Steven's Knowledge

Multi-Tenancy

Tenancy models (silo/pool/bridge), data isolation strategies, tenant context propagation, noisy neighbors, and per-tenant configuration and limits

Multi-Tenancy

A multi-tenant system serves many customers (tenants) from one deployment. Each tenant believes they have the application to themselves; in reality they share code, and often share databases and servers. The central engineering problem is isolation: tenant A must never see, touch, or starve tenant B — and the cost of guaranteeing that scales with how much you share.

This is an application-code concern first. The hard part is not provisioning servers; it is making sure every query, every cache key, and every log line carries the right tenant scope, automatically, so that one forgotten WHERE tenant_id = ? does not leak another customer's data.

Tenancy Models

There is a spectrum from "one stack per tenant" to "everything shared," usually named silo, bridge, and pool.

SILO                      BRIDGE                    POOL
(isolated)                (hybrid)                  (shared)

Tenant A → Stack A        Tenant A ┐                Tenant A ┐
Tenant B → Stack B        Tenant B ┼→ Shared app    Tenant B ┼→ Shared app
Tenant C → Stack C        Tenant C ┘  + separate    Tenant C ┘  + shared DB
                                       DB per tenant    (tenant_id column)

most isolation ─────────────────────────────────────→ most efficiency
most cost      ←─────────────────────────────────────  least cost
ModelIsolationCost per tenantBlast radiusBest for
SiloStrongest — separate everythingHighestOne tenantRegulated/enterprise; few large tenants
BridgeStrong data isolation, shared computeMediumOne tenant's dataMixed customer sizes
PoolLogical only (enforced in code)LowestAll tenants (if a bug leaks)Many small tenants; SaaS at scale

Most SaaS products start pool (cheapest, fastest to ship) and peel high-value or compliance-bound tenants out into silo later. You can run different tiers simultaneously — a "tiered" or bridge approach where the same code path serves both.

Data Isolation Strategies

This is where the model becomes concrete. Three implementations, increasing in sharing:

1. Database per Tenant (Silo)

Each tenant gets a physically separate database. Routing picks the connection based on tenant.

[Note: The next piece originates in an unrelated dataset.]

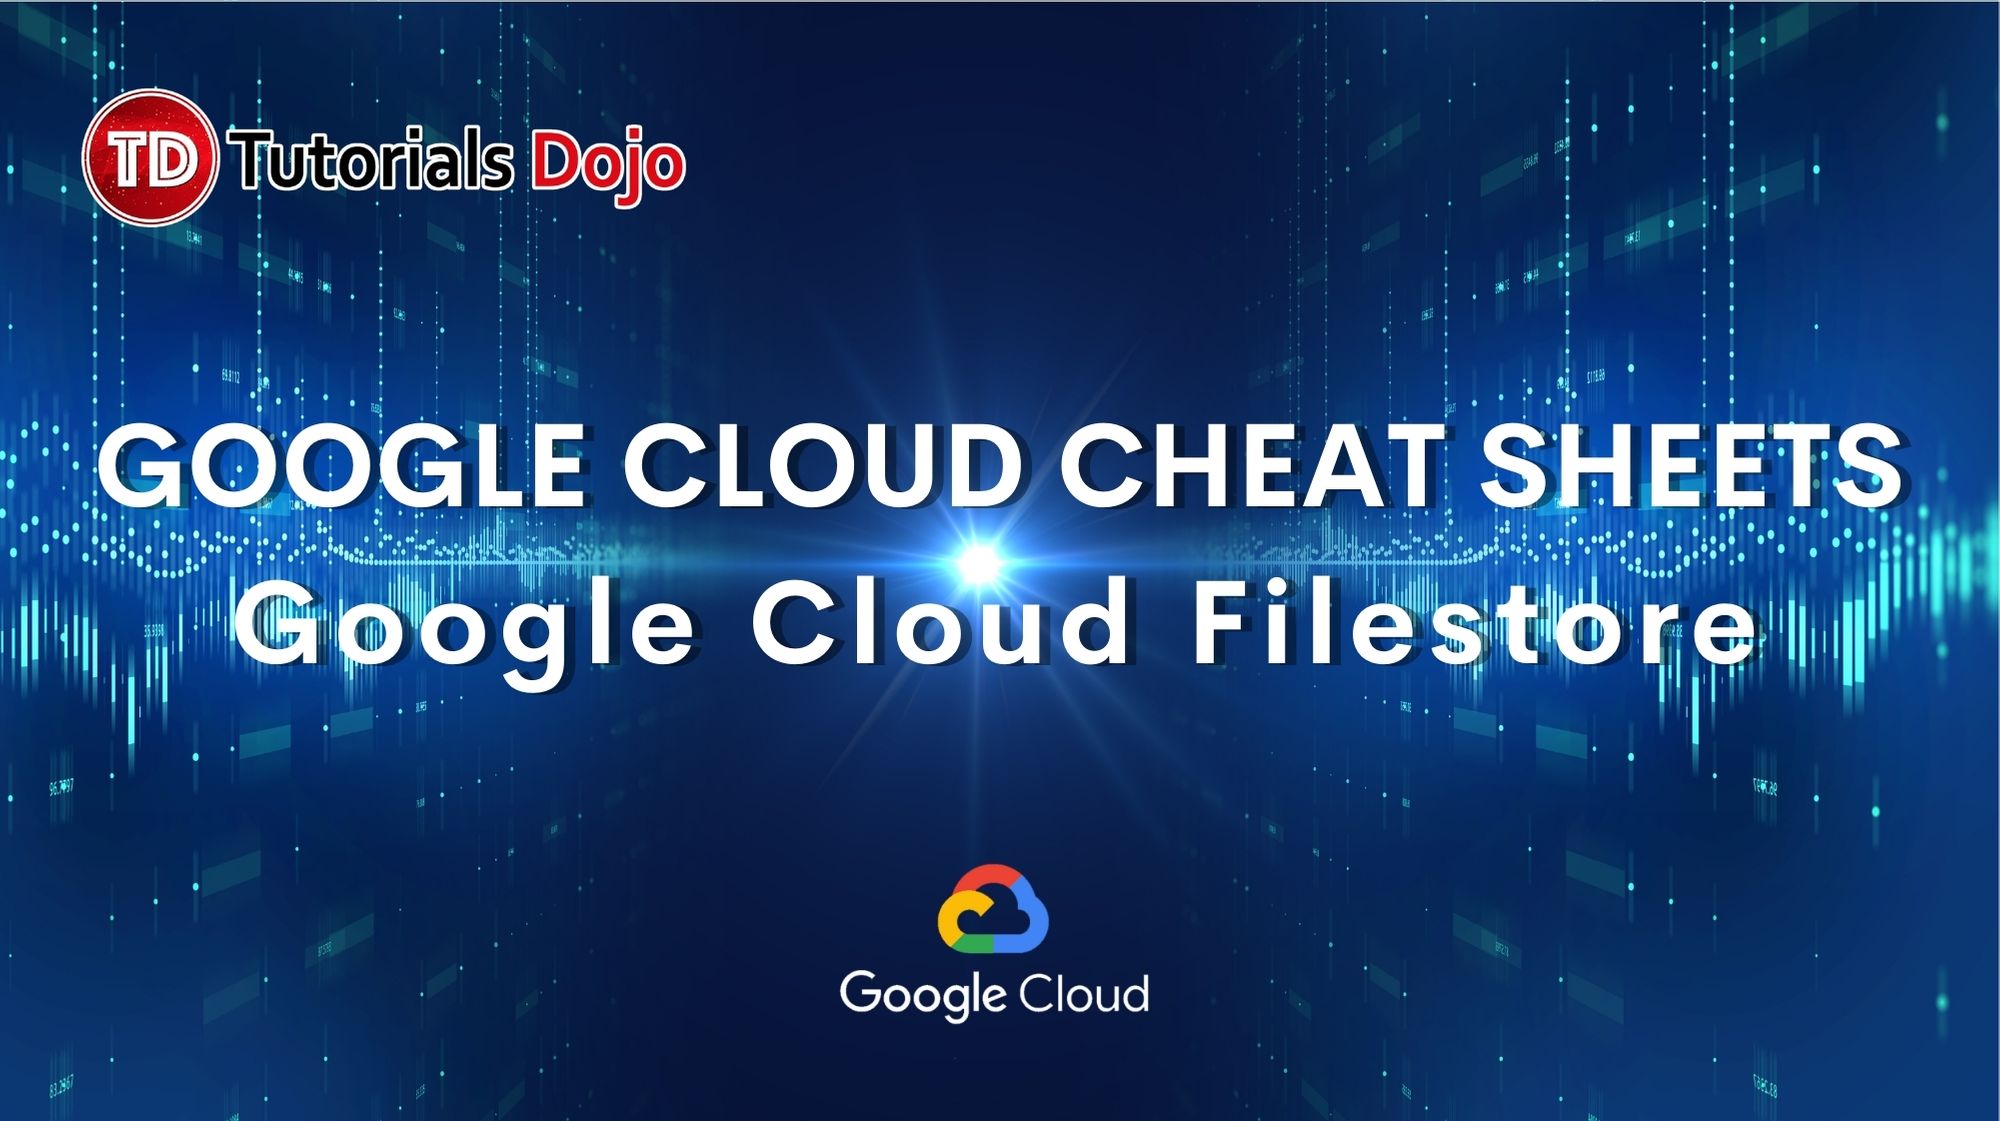 Google Cloud Filestore Cheat Sheet
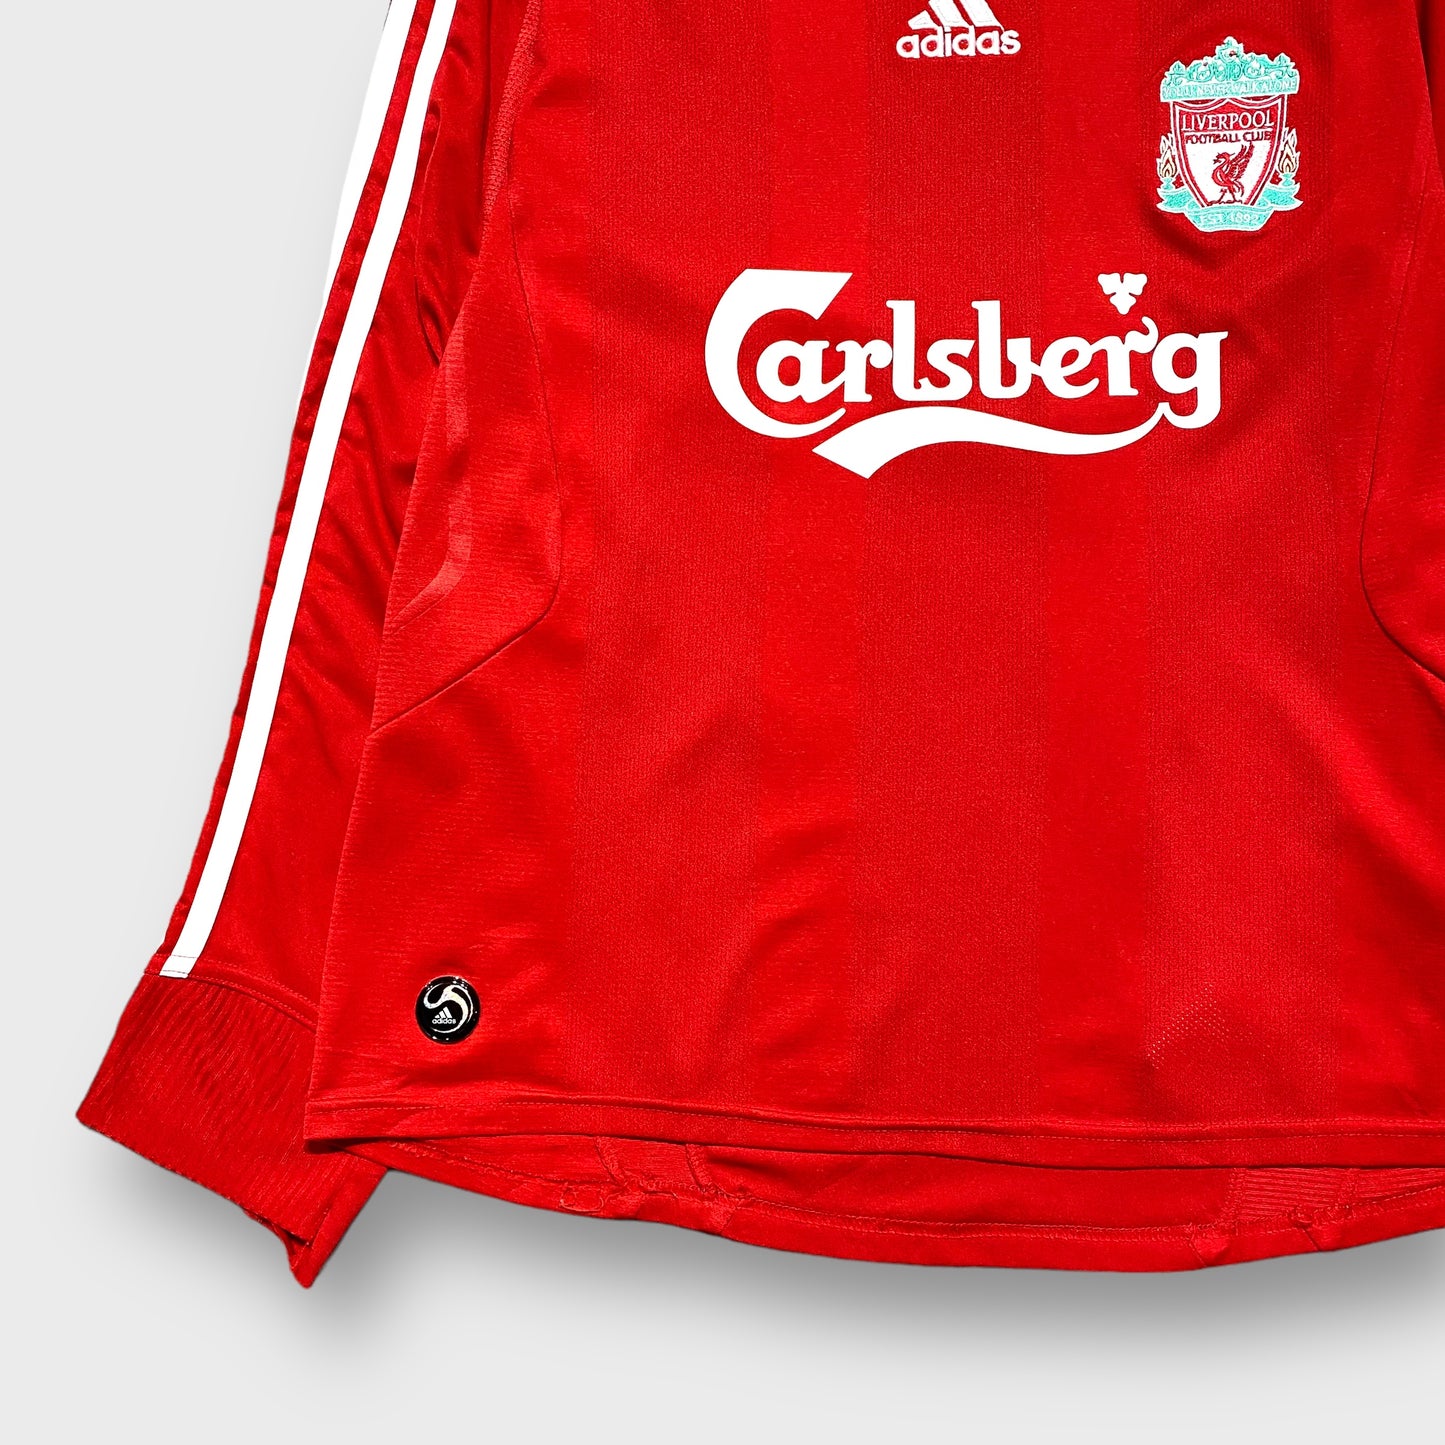 2008/2009 "adidas" Liverpool game shirt

function dbForTenant(tenantId: string): Pool {
  const connString = tenantRegistry.lookup(tenantId).databaseUrl;
  return getPool(connString); // pooled per tenant
}
  • Pro: Total isolation. A bad query cannot cross tenants. Easy per-tenant backup, restore, and even region placement.
  • Con: Hundreds of databases to migrate, monitor, and connection-pool. Migrations become a fan-out job. Connection count explodes.

2. Schema per Tenant (Bridge)

One database, one schema (namespace) per tenant. Set the search path per request.

-- Postgres: switch the active schema for this connection
SET search_path TO tenant_8f2a;
SELECT * FROM orders;   -- resolves to tenant_8f2a.orders
  • Pro: Strong logical isolation, one database to operate. Cheaper than database-per-tenant.
  • Con: Migrations still fan out across schemas. Thousands of schemas strain the catalog. The SET search_path must be bulletproof — forget it and you query the wrong (or public) schema.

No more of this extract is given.